Ethan Happ is easily the second best player in the conference behind only Miles Bridges. However, he's all Wisconsin has in what will be a bit of a rebuilding year for the Badgers. They'll feel the losses of Bronson Koenig and Nigel Hayes.
Offense could be a challenge for the Hawkeyes with Peter Jok, who was the conference's leading scorer in 2016-17. No one on their roster is talented enough to take over that role by themselves, so they'll look to play team ball with balanced scoring - but that limitation will hurt them.
Penn State is hoping to make the NCAA Tournament for the first time since 2011 behind their sophomore trio of Tony Carr, Lamar Stevens, and Mike Watkins, but I still think they're a year away. They'll be good defensively again, yet a major lack of depth will kill them against better competition.
Brad Underwood is a very good coach and will be a good coach at Illinois for a very long time. That said, the Illini don't have much to work with in his first season. Wright State grad transfer Mark Alstork will be relied on as their go-to option offensively as the rest of the team tries to identify their roles. One thing we do know is that, like any Brad Underwood team, they're going to play great defense.
Ohio State had a weird offseason in which former head coach Thad Matta retired/was fired in June, and they hired Chris Holtmann from Butler a few days later. The Buckeyes are a team in transition with Holtmann wanting to get "his guys" into the program, but there are still a number of veteran players who will lead the way this year. However, that group has proven they struggle against the better teams in the league. Given the limited time they've had to adjust to Holtmann, I expect the Buckeyes to struggle again.
Point guard Glynn Watson Jr. is really good and Georgetown transfer center Isaac Copeland, a former top-25 recruit, should be a good running mate for him. Unfortunately for them, the rest of the roster doesn't have much to offer.

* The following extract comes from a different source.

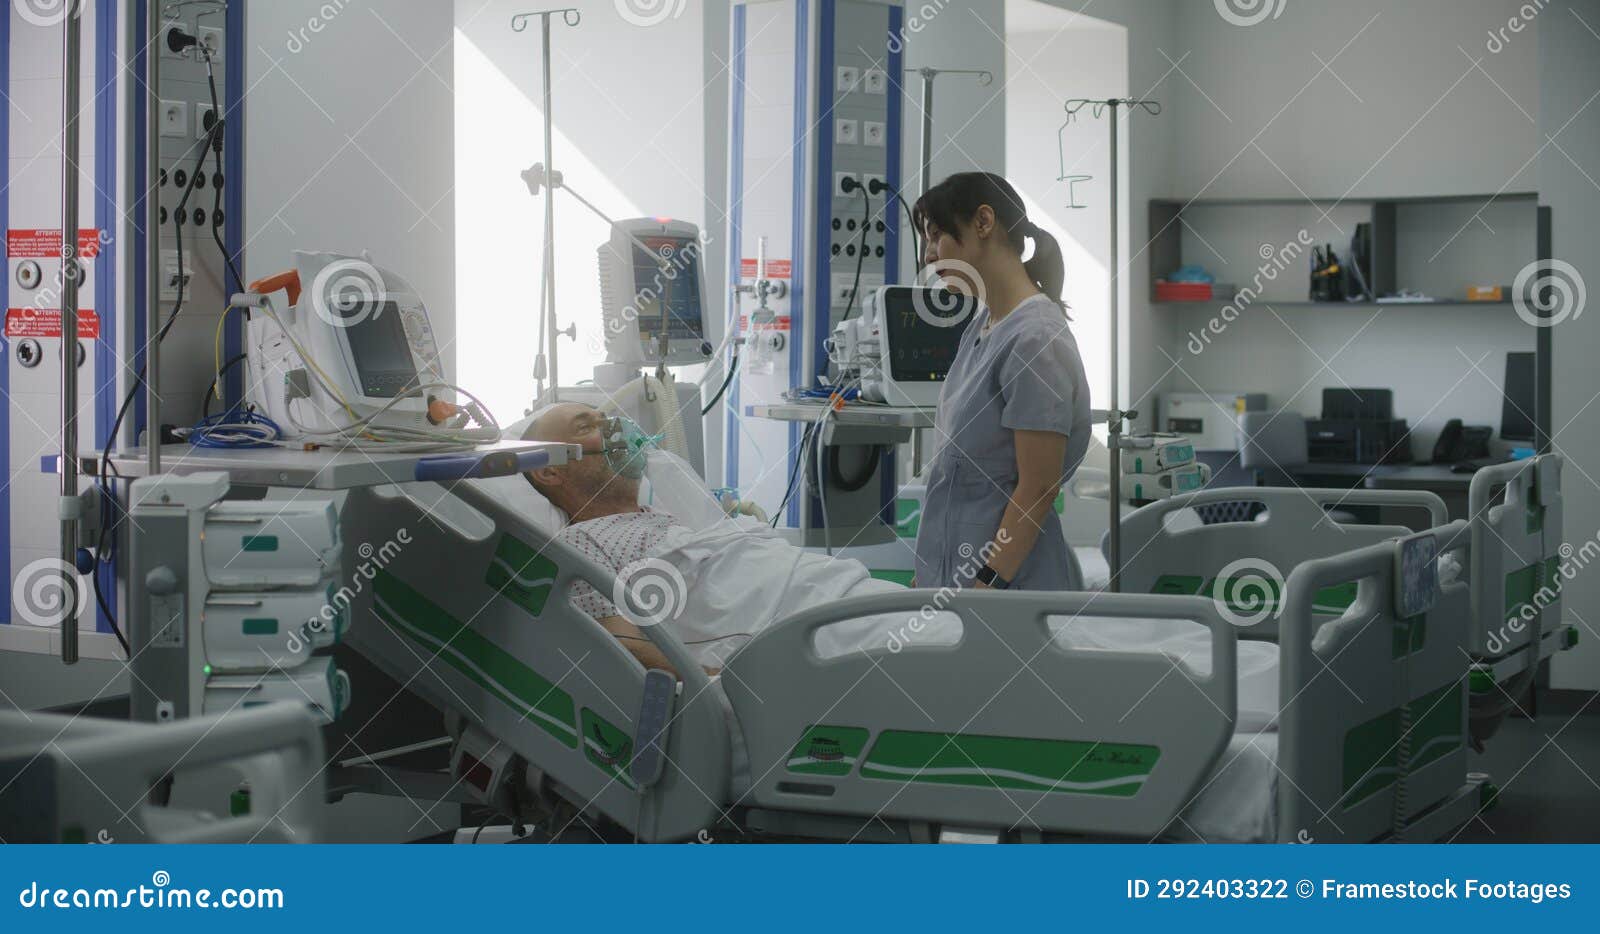 Friendly Nurse Adjusts Life Support Machine for Old Patient Stock Photo ...

It feels like we can just put Rutgers here every year. Junior guard Corey Sanders is a quality guard and freshmen Mamadou Doucore and Geo Baker figure to play big roles in their frontcourt and backcourt, respectively. Overall, though, the Scarlet Knights lack talent.
First-team All-Big Ten:
Cassius Winston, PG, Michigan State Spartans
Bryant McIntosh, PG, Northwestern Wildcats
Vince Edwards, SF, Purdue Boilermakers
Miles Bridges, SF, Michigan State Spartans
Ethan Happ, PF, Wisconsin Badgers
Player of the Year: Miles Bridges, SF, Michigan State Spartans
Bridges was going to be a lottery pick in the 2017 draft before opting to return to school. He is hoping to work on his all-around game this season, but is a freak athlete who is excellent finishing around the rim. And it's not like he was bad as a freshman - he averaged nearly 17 points while grabbing over eight rebounds per game. Consistency will be key for him, but he's clearly the best player in the conference.
Freshman of the Year: Jaren Jackson, PF, Michigan State Spartans
Jackson's presence is the biggest difference from last year's Michigan State team and why they're ranked No. 2 in the preseason. He has a 7-foot-4 wingspan and is a great athlete, giving him a ton of defensive upside as a shot blocker. He's competitive on the glass, runs the floor well and is a good finisher, yet needs to play stronger and improve his shooting. Jackson looks to be the perfect complement to Bridges and is the clear favorite to win this award.
Coach of the Year: Mark Turgeon, Maryland Terrapins
Turgeon has been the butt of his fair share of jokes during his tenure with the Terps, but Maryland is set up to experience success this year. They have as much talent as any team in that second group behind Michigan State and getting the most out of that group - particularly their three star sophomores (Cowan, Huerter, Jackson) - will be the key to their season. I trust those three more than anyone else in the conference not on Michigan State or named Ethan Happ. They will guide Maryland to a No. 2 finish in the Big Ten, which will be enough for Turgeon to win the award.